Temps d’incertitude

Édito

Date de rédaction :
05 novembre 2011

   Il ne fait pas toujours bon, par ces temps de crise, d’afficher des certitudes solides comme le roc, éternellement protégées de l’usure habituelle des mots et des idées. Aujourd’hui, par exemple, certains pourraient se targuer d’avoir découvert, avec les biomarqueurs et l’imagerie cérébrale, le double sésame qui nous ouvrirait enfin un chemin d’espoir face à la maladie d’Alzheimer. S’il est vrai que ces deux avancées constituent un réel progrès dans la compréhension de la pathologie, beaucoup de scientifiques nous invitent aujourd’hui à remettre au goût du jour le bon vieux principe cartésien du doute systématique.
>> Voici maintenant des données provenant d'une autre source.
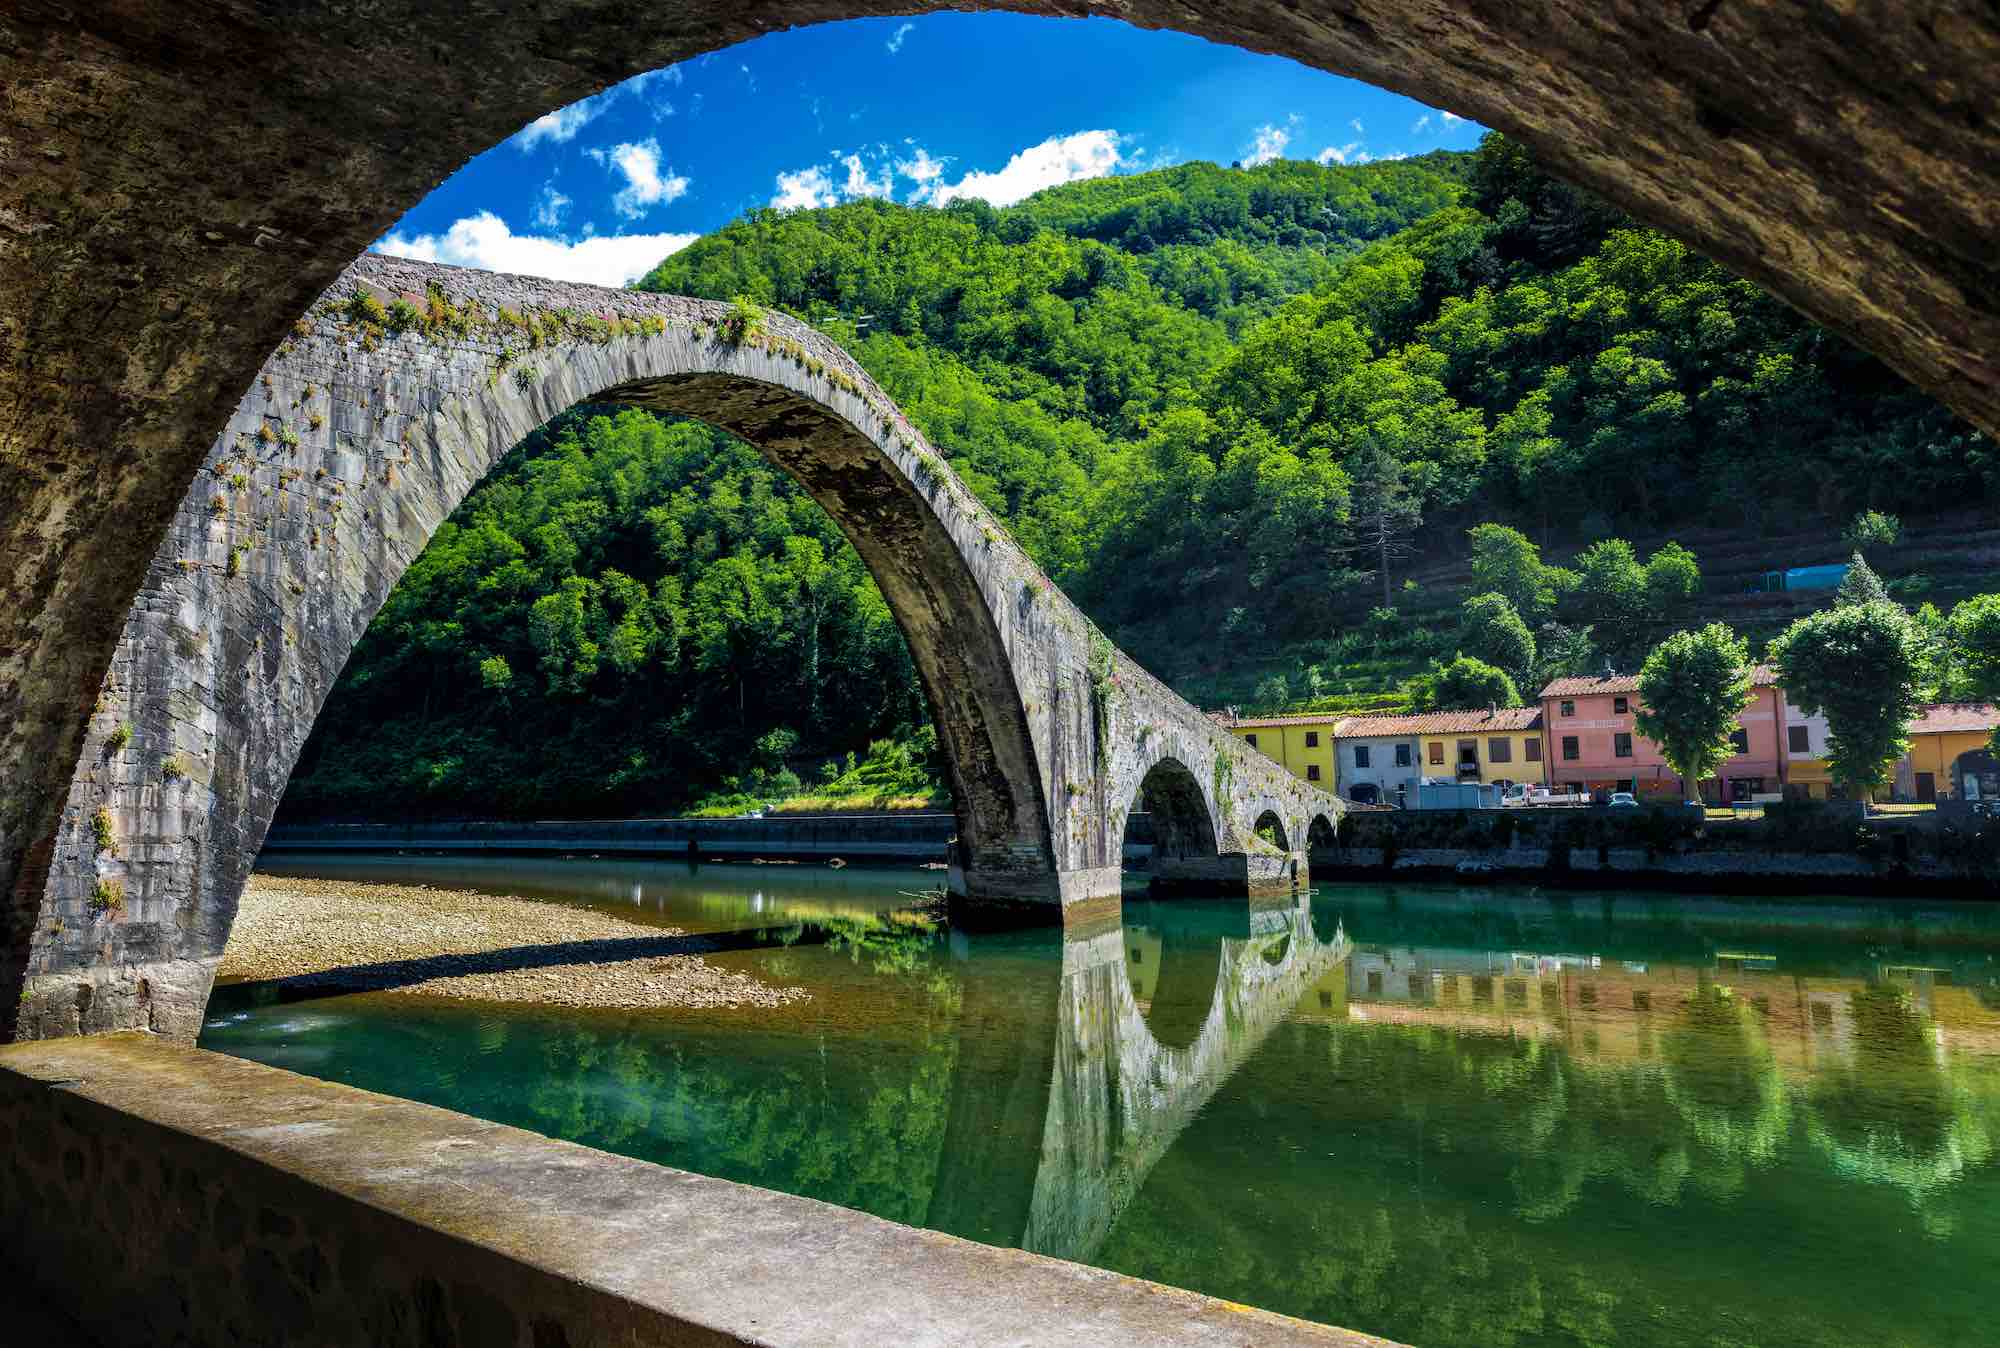 Ponte del Diavolo a Borgo a Mozzano in Garfagnana, zona della Toscana

   Une étude allemande, menée auprès de cinq cents patients vus en centre mémoire, observe, par exemple, dans 9% des cas, une discordance avérée entre le résultat de l’IRM et le diagnostic porté à partir du syndrome clinique (Fortschritte der Neurologie-Psychiatrie, novembre 2011). Alors qui a raison : les cliniciens ? Ou les radiologues ?
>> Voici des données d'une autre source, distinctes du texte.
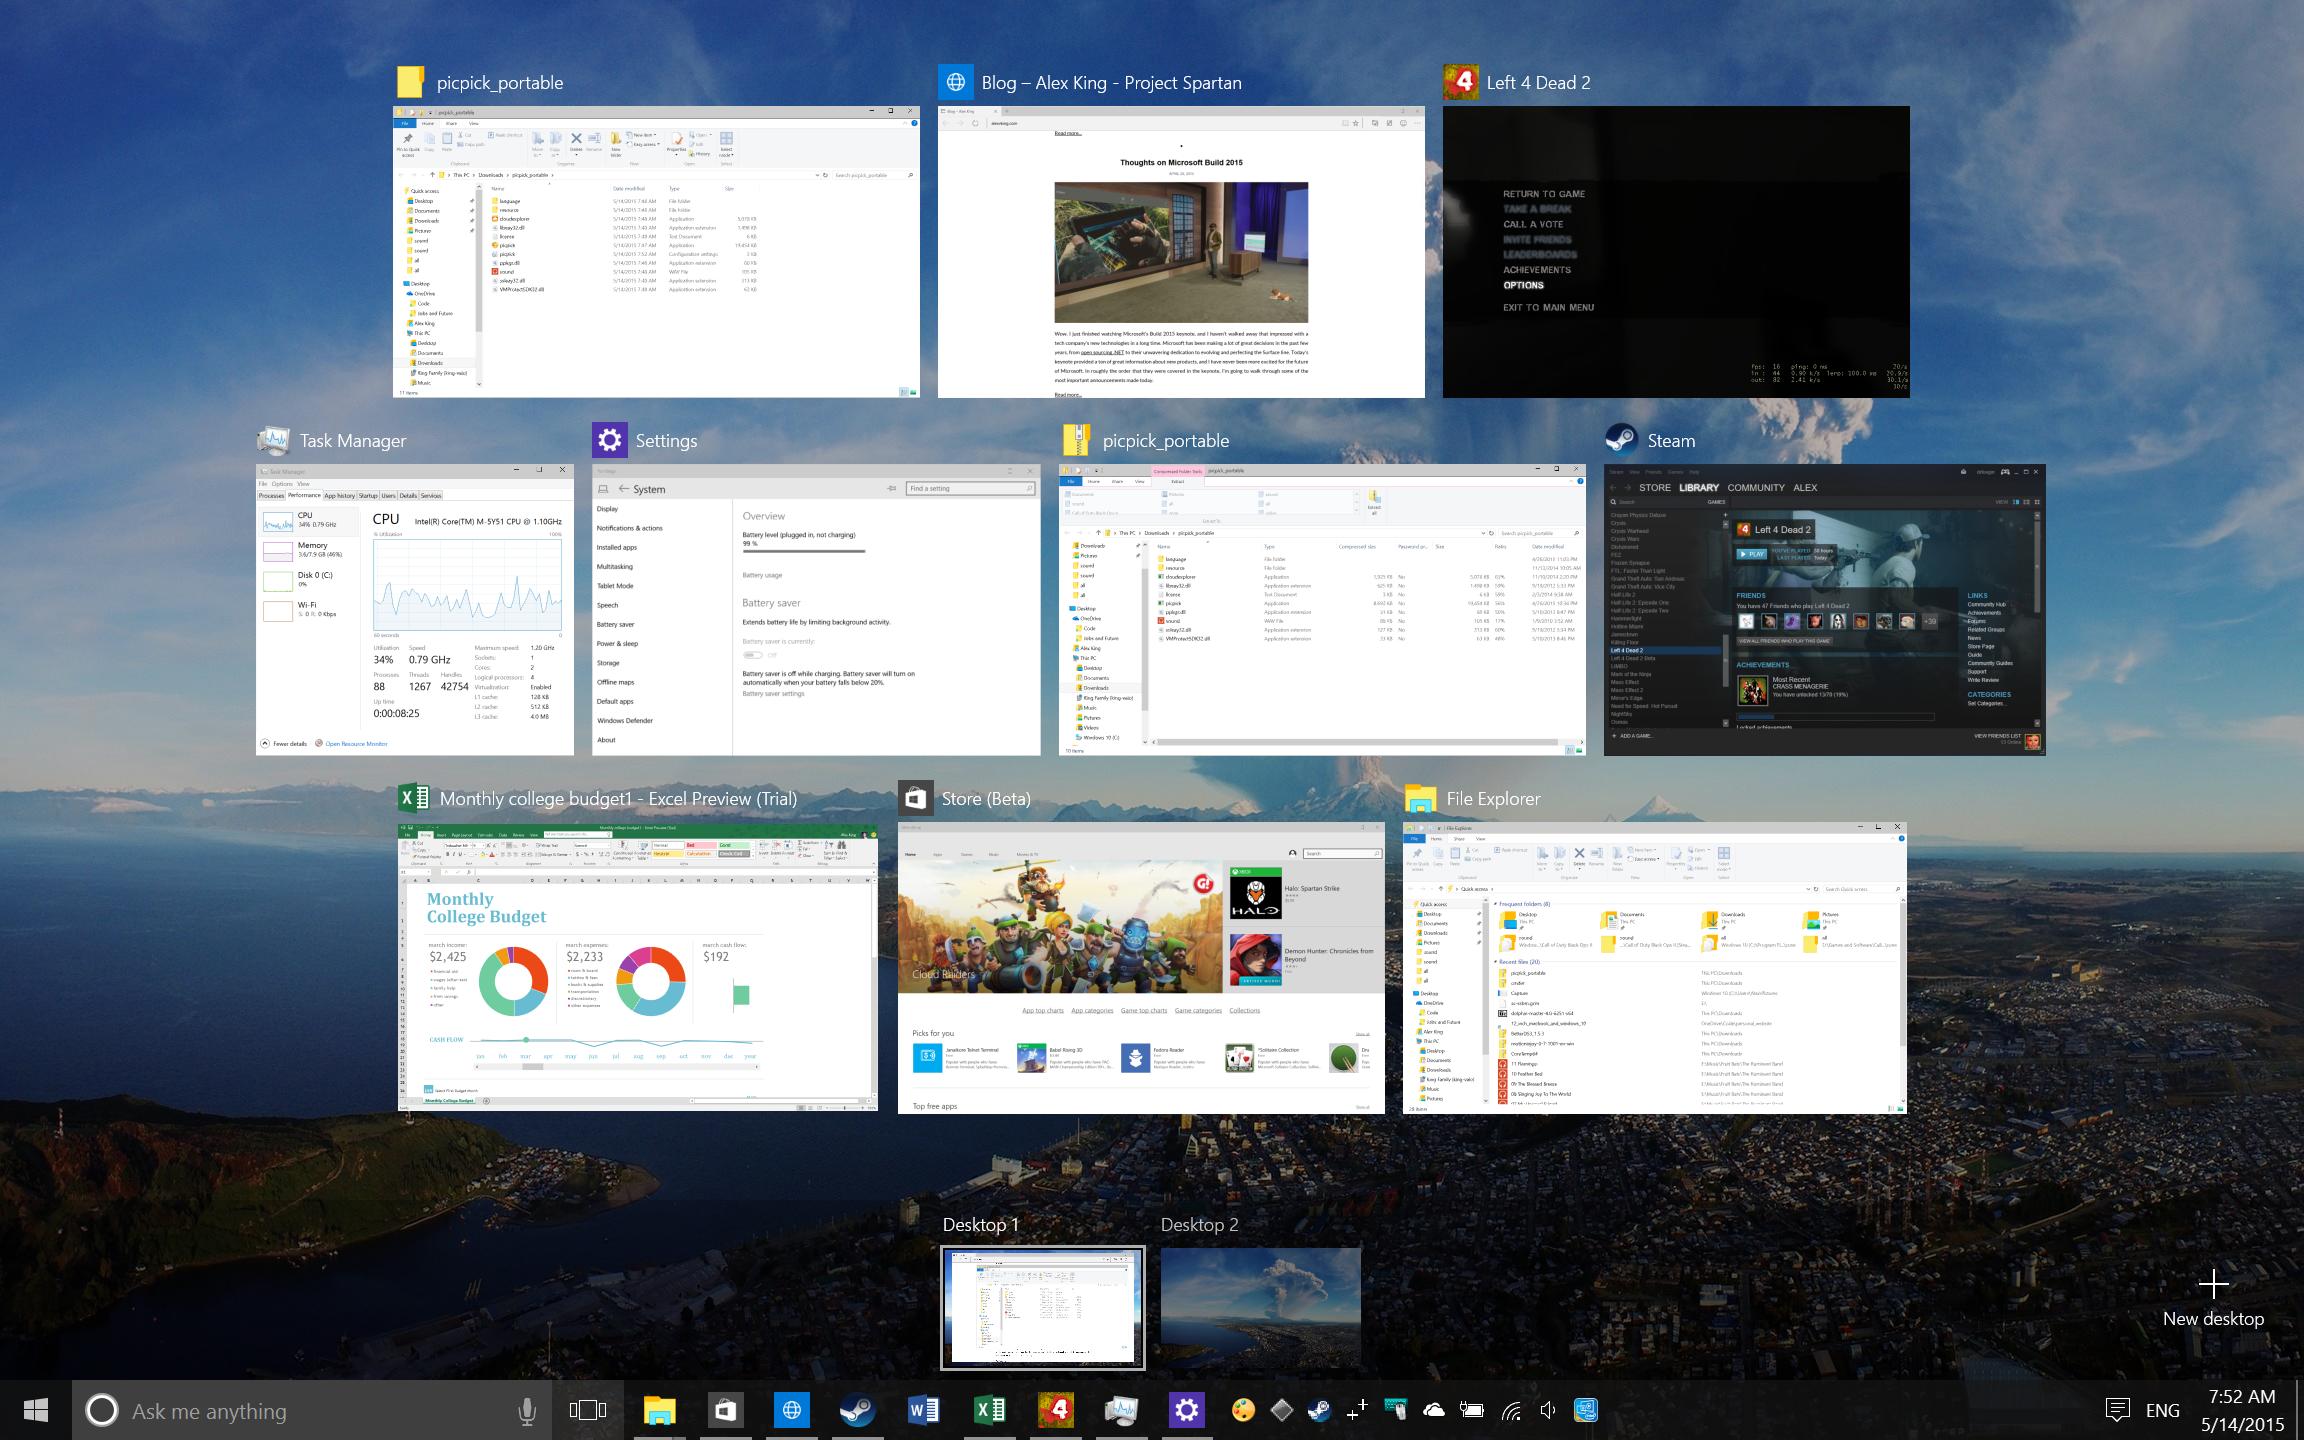 macbook emulator for windows 10

   Une autre étude, également menée en centre mémoire, mais celle-là suédoise, montre que les biomarqueurs ne décèleraient pas les formes très précoces du déficit cognitif, ce qui induirait, selon ces chercheurs, que la maladie d’Alzheimer ne serait pas la cause sous-jacente de la démence dans ce groupe de patients (Dementia and Geriatric Cognitive Disorders, 3 novembre). Alors où chercher la cause ?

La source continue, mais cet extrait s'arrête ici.